With the Torch GPU backend

# Grab LibTorch from https://pytorch.org/get-started/locally/ (cxx11 ABI)
# Then point R at it:
export FGSEA_TORCH=1
export FGSEA_TORCH_HOME=$HOME/opt/libtorch
export FGSEA_TORCH_CUDA=1   # if your LibTorch is a CUDA build
R CMD INSTALL .

On macOS with Apple Silicon, install a LibTorch build with MPS enabled. The package auto-detects MPS at runtime.

Precise (Neumaier-compensated) ES accumulation

The enrichment-score walk in calcEs uses naive += summation by default, which is fast and accurate to ~1e-12 relative error for typical pathway sizes. If you're running 10⁶+ permutation studies on very large gene sets and want the accumulation precision pinned at one machine epsilon regardless of summand count, build with the opt-in Neumaier path:

FGSEA_PRECISE=1 R CMD INSTALL .

Cost when enabled: two extra floating-point adds and one compare per gene-set member walked. Combinable with FGSEA_TORCH=1.

Usage

Three entry points mirror the upstream API:

library(fgseaGPU)
data(examplePathways, package = "fgsea")
data(exampleRanks,    package = "fgsea")

# Multilevel (default): accurate small p-values, CPU-parallel across pathways
res <- fgsea(examplePathways, exampleRanks)

# Simple permutation null: GPU-accelerated when LibTorch is built in
res_simple <- fgseaSimple(examplePathways, exampleRanks,
                          nperm = 10000, device = "auto")

# Over-representation analysis (Fisher / hypergeometric)
foraRes <- fora(examplePathways,
                genes    = tail(names(exampleRanks), 200),
                universe = names(exampleRanks))

Routing rule: fgsea(...) delegates to fgseaMultilevel by default, or to fgseaSimple if you supply nperm — matching the upstream convention.

Entry point Best for Backend
fgseaSimple Many permutations, preranked stats GPU (LibTorch)
fgseaMultilevel Accurate small p-values (down to eps) CPU par_unseq
fgseaPhenotype Classical phenotype-permutation on a matrix CPU par_unseq, GPU matmul
fora Set-based over-representation CPU par_unseq

fgseaPhenotype is the Subramanian-style mode that upstream fgsea skips: input is an expression matrix plus a two-class label vector.

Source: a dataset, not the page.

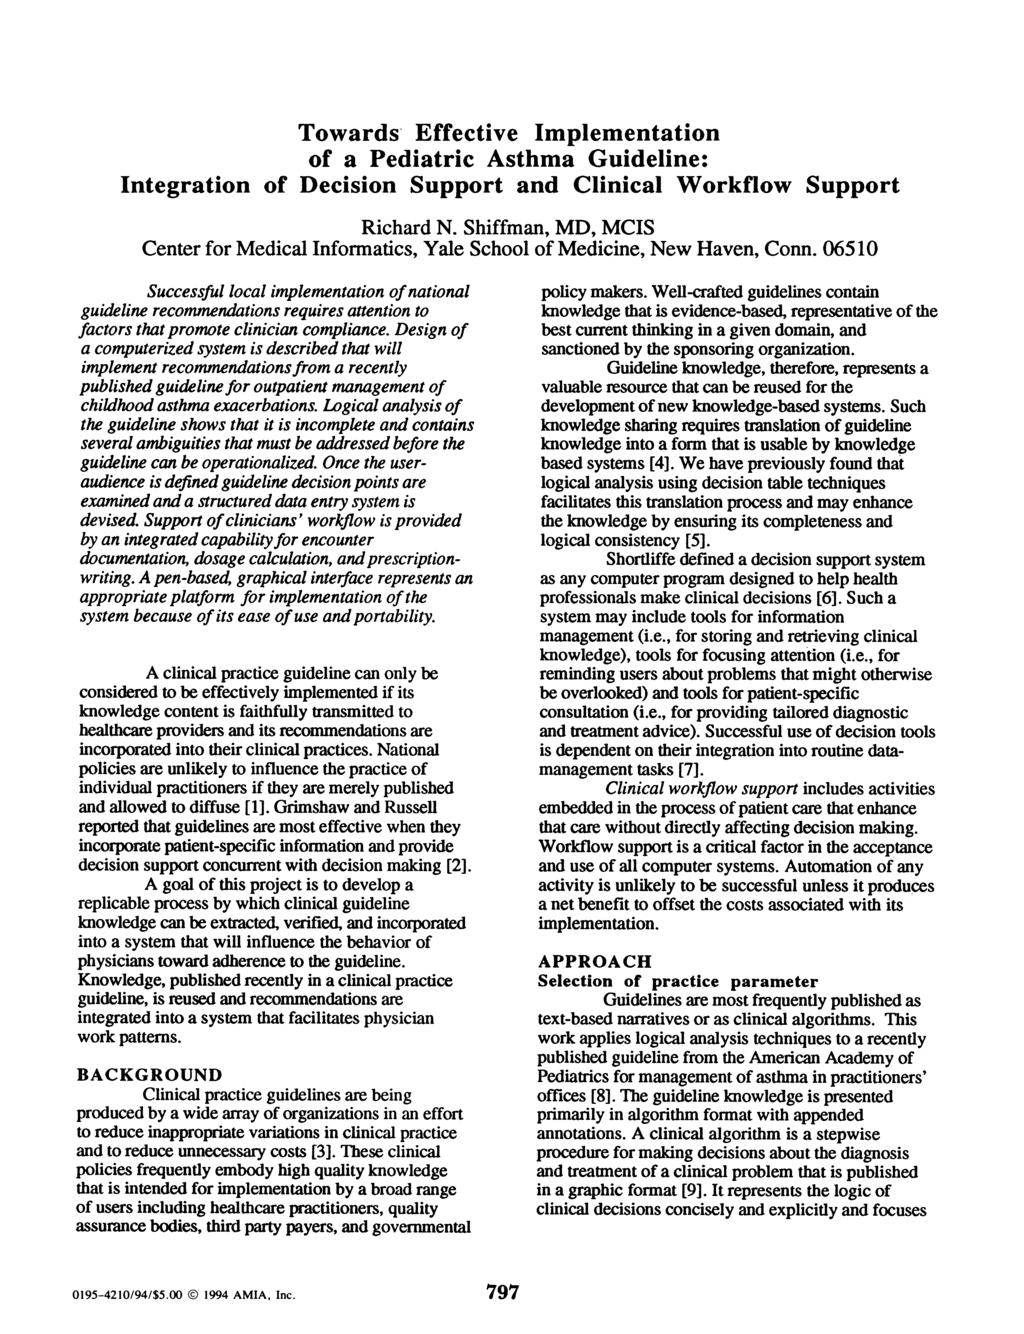 Towards Effective Implementation of a Pediatric Asthma Guideline: Integration of Decision Support and Clinical Workflow Support Richard N.

Each permutation shuffles the labels, recomputes a per-gene rank metric (signal-to-noise, Welch's t, or class-mean variants) via Welford-stable accumulation, re-ranks, and walks ES on that fresh ranking. The GPU path turns the metric pass into a [G, S] @ [B, S]ᵀ → [G, B] matmul and reuses the same scatter-cumsum-reduce kernel as fgseaSimple with stats varying per column.

Why no GPU for multilevel?

Multilevel splitting builds dependent MCMC chains: each move conditions on the previous state, so a single chain can't be vectorised onto a GPU thread block. We instead parallelise across pathways with std::execution::par_unseq, which scales linearly to the number of CPU cores for typical pathway counts (5k–25k).

Algorithm notes

  • The enrichment-score formula is the literal definition from Subramanian et al. 2005, with the Korotkevich et al. weighting refinement. We do not use the upstream square-root segment-tree heuristic — its inherently sequential cumulative-sum step doesn't map onto a GPU. We instead pay O(n) per permutation and recover the constant-factor loss by running tens of thousands of permutations in parallel.
  • Random sampling on the device uses the argsort-of-uniform-noise trick for batched k-subsets. Reproducibility is guaranteed by a per-call splitmix-derived seed.
  • Multiple-testing correction is Benjamini–Hochberg over all kept pathways, matching upstream.

Multiple-testing correction: Storey q-values

The padj column in every output now holds a Storey-Tibshirani q-value rather than a Benjamini–Hochberg adjusted p-value. The q-value is the FDR analogue but with the proportion of true nulls π₀ estimated from the high-p tail of the empirical distribution rather than assumed to be 1. This gives strictly more power than BH whenever π₀ < 1 (typical in pathway analysis with a moderate-to-strong signal), and reduces to BH in the worst case.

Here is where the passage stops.